▶ **What to produce**
Return the number of lines below that contain "Black"; nothing else belongs in the reply.

[Data extracted from a collection]

--------------------------------

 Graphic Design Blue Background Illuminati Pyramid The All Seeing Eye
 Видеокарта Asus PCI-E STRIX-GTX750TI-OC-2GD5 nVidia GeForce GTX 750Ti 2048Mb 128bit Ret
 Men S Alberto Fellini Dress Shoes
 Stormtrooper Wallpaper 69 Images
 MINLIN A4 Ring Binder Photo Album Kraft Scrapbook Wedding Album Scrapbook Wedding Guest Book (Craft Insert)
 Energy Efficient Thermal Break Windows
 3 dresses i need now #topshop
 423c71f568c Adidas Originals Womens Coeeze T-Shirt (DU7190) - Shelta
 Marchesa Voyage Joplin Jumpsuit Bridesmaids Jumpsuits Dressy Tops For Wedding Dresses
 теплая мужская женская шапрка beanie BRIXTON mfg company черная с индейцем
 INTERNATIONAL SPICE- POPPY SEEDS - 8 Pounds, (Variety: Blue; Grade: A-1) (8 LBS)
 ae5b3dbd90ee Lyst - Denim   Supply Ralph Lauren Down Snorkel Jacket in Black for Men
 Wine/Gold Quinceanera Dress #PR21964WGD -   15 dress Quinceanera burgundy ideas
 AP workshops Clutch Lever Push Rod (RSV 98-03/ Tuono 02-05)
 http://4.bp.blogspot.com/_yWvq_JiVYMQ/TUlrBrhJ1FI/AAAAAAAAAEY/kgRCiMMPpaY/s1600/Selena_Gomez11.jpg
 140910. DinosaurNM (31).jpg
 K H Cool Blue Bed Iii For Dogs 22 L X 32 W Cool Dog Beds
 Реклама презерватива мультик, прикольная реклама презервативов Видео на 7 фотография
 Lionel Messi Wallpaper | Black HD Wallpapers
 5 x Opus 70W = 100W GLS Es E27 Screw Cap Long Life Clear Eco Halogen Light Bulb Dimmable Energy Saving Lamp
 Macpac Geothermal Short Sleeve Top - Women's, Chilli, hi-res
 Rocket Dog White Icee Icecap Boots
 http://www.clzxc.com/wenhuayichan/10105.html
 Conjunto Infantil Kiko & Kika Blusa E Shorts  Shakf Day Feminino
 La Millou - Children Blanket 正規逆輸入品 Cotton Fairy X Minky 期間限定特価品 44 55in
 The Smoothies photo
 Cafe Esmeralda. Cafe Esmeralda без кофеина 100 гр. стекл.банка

--------------------------------

▶ **Task answer**
2